Halyna Tarasyuk was a known poet in the Soviet time, but her prose works remained unpublished until when in 1992 her novel Smert — sestra moeyi samotnosti (Death, the Sister of My Loneliness) was printed. The novel depicts the crisis of until quite recently powerful Communist elite, and it is done with much greater mastery than in many other authors’ books dealing with the same theme. Post-Soviet people’s two dimensions motif of life — ‘before’ and ‘after’ — is also present in Halyna Tarasyuks collection of stories Dama ostannyoho lytsarya (The Last Knight’s Lady), written in the style of absurd realism.

 

The first Ukrainian book to attract readers’ attention undreamed of before has become Yury Andrukhovych’s Rekreatsii (Recreations).
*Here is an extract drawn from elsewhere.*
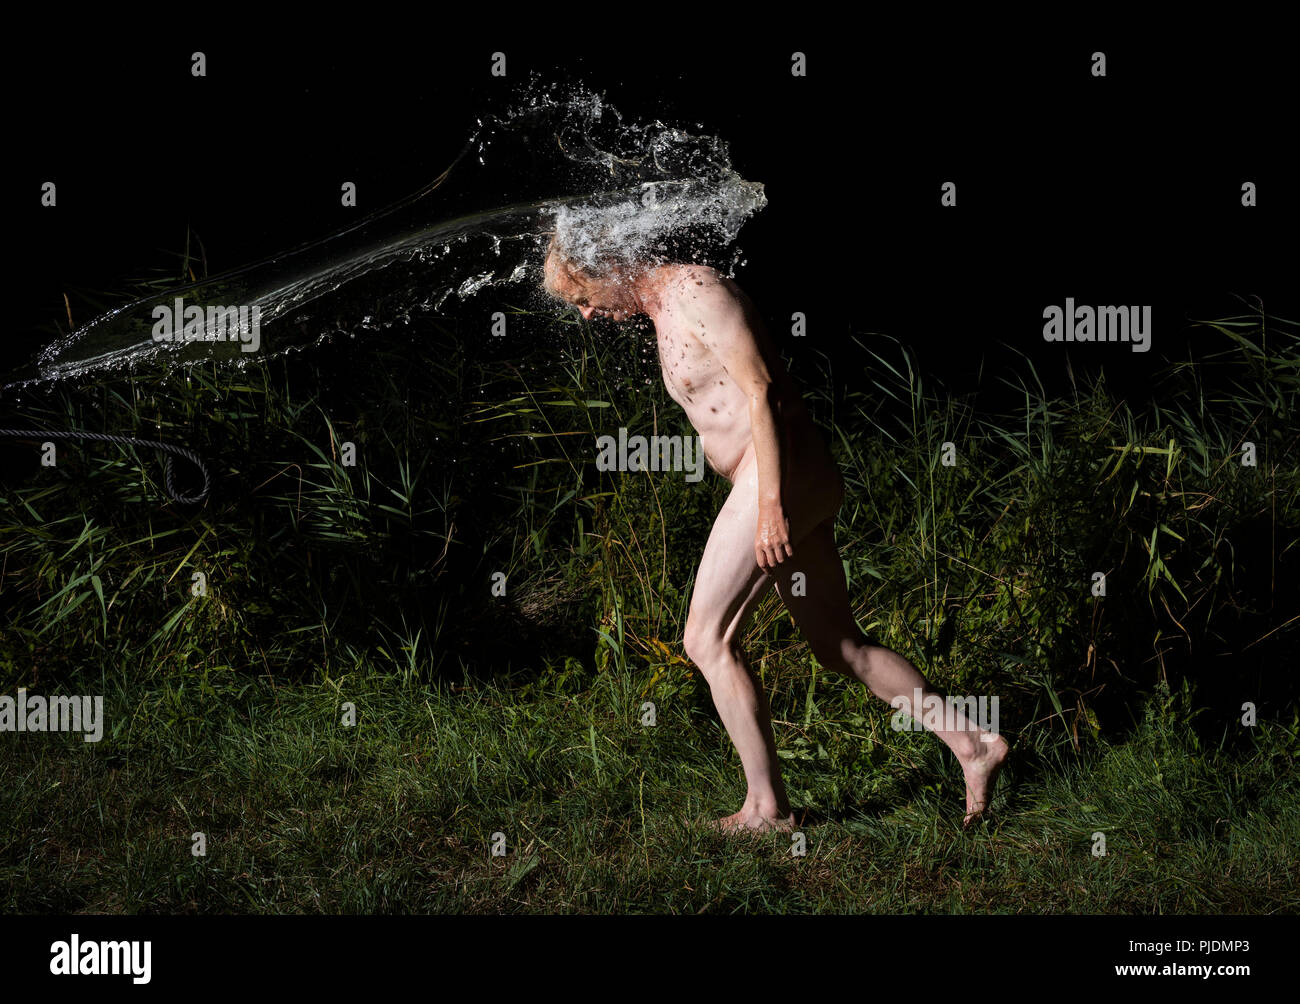 Nude man gets water thrown at him on warm night Stock Photo

Back in the ‘80s he made a name as a talented poet, and later a poet belonging to scandalous poet group Bu-Ba-Bu. As a member of Bu-Ba-Bu, Anrukhovych together with Viktor Neborak and Oleksandr Irvanets took part in ‘imprezas’ of humorous and parody poetry. Soon after Rekreatsii two more Andrukhovych’s novels The Moskoviad and Perverzion have been published, then, after a long disruption, a novel Dvanatsyat obruchiv (Twelve Rings), and an autobiographical novel Tayemnytsa (The Secret). Yury Andrukhovych’s typical character is an author not much oppressed by the Soviet authorities, without money problems or family troubles. Witty and unselfconscious, this character has gained sympathy of both younger generation of Ukrainian readers and European publishers. Today Yury Andrukhovych is the most prominent Ukrainian author, representing the new Ukrainian literature of the Independence period in Europe.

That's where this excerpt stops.